This technical note presents the new automated in situ cosmogenic carbon-14 extraction system at PRIME lab. Improvements and advantages of the new installations compared to the previous system are described. Tests with different sample boat materials and various Lithium Metaborate flux batches show the impact of these materials on the procedural blank levels. Experiments with different preheating and extraction temperatures demonstrate the importance of these temperatures for the 14C recovery from the largely used inter-comparison material CRONUS-A and are therefore very useful for other in situ 14C labs.

The manuscript reads very well and the data is very well presented and described.
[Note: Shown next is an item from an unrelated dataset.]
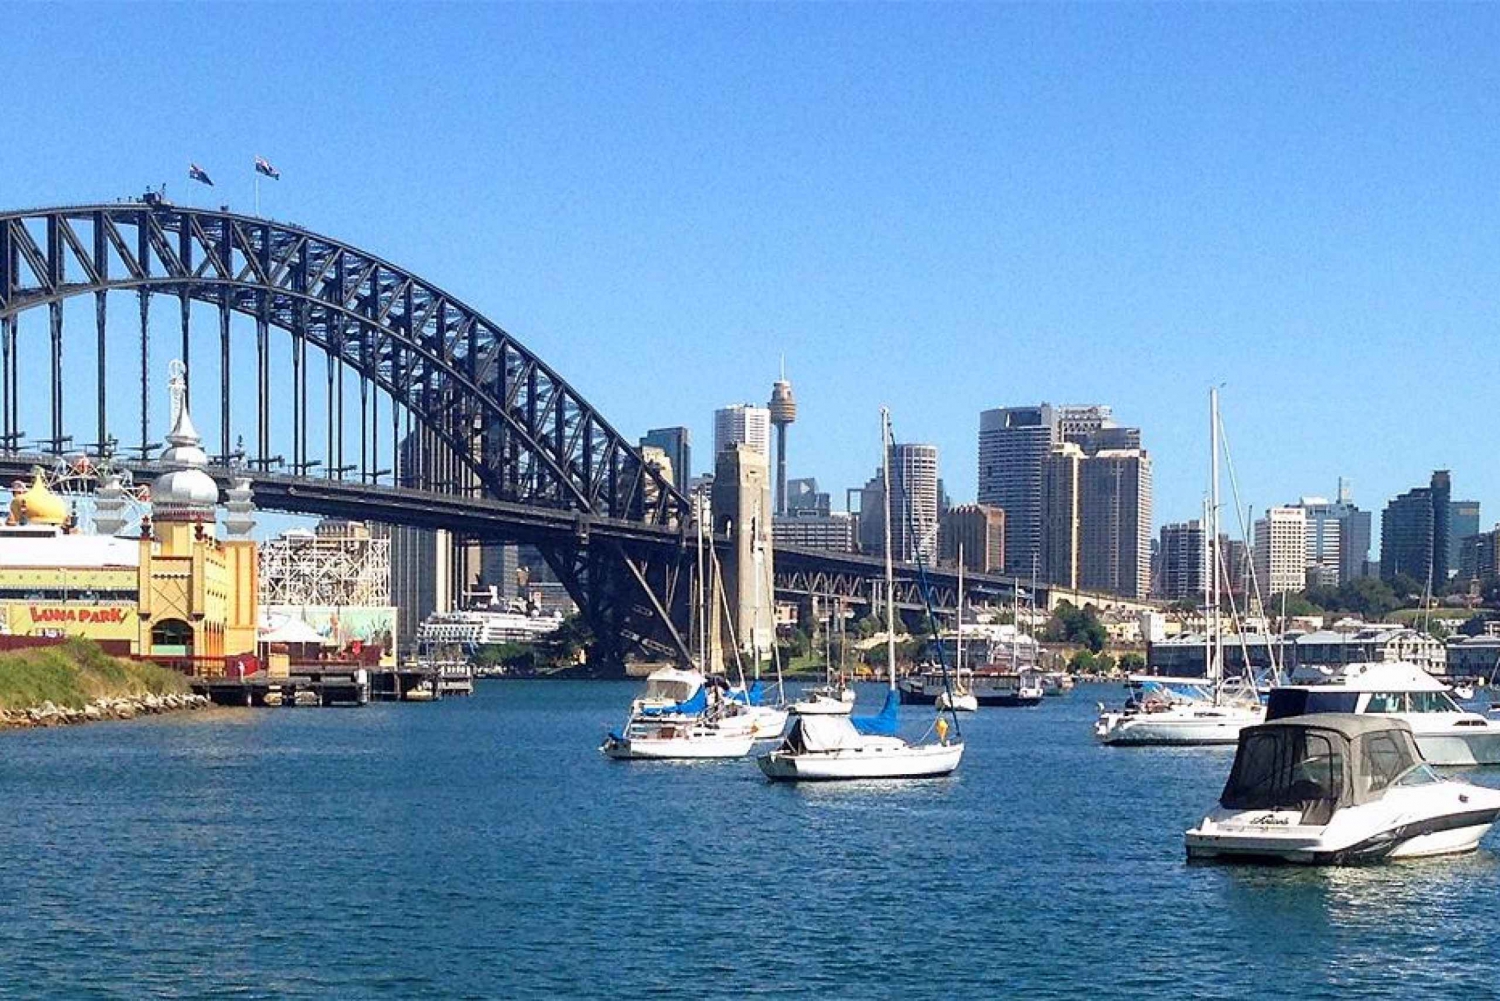 Sydney: Spacer wzdłuż wybrzeża portowego do Lavender Bay - audioprzewodnik

Below I only list a few technical suggestions that could be considered.

The title is a bit bulky and could be clarified in my opinion. In particular I find a few terms confusing: First, it only becomes clear in the text that you use the term « combustion » to refer to the preheating step that removes atmospheric/organic C. Isn’t heating to 1000-1100°C during the in situ extraction also combustion? Secondly, people who are familiar with in situ 14C extraction procedures would associate “high-temperature extraction” with systems that do not use the LiBO2 flux (heating at much higher temperatures instead). Maybe rather change the title to “Studying Li-metaborate fluxes and preheating and extraction temperatures with a new, fully automated in situ cosmogenic 14C processing system at PRIME Lab”?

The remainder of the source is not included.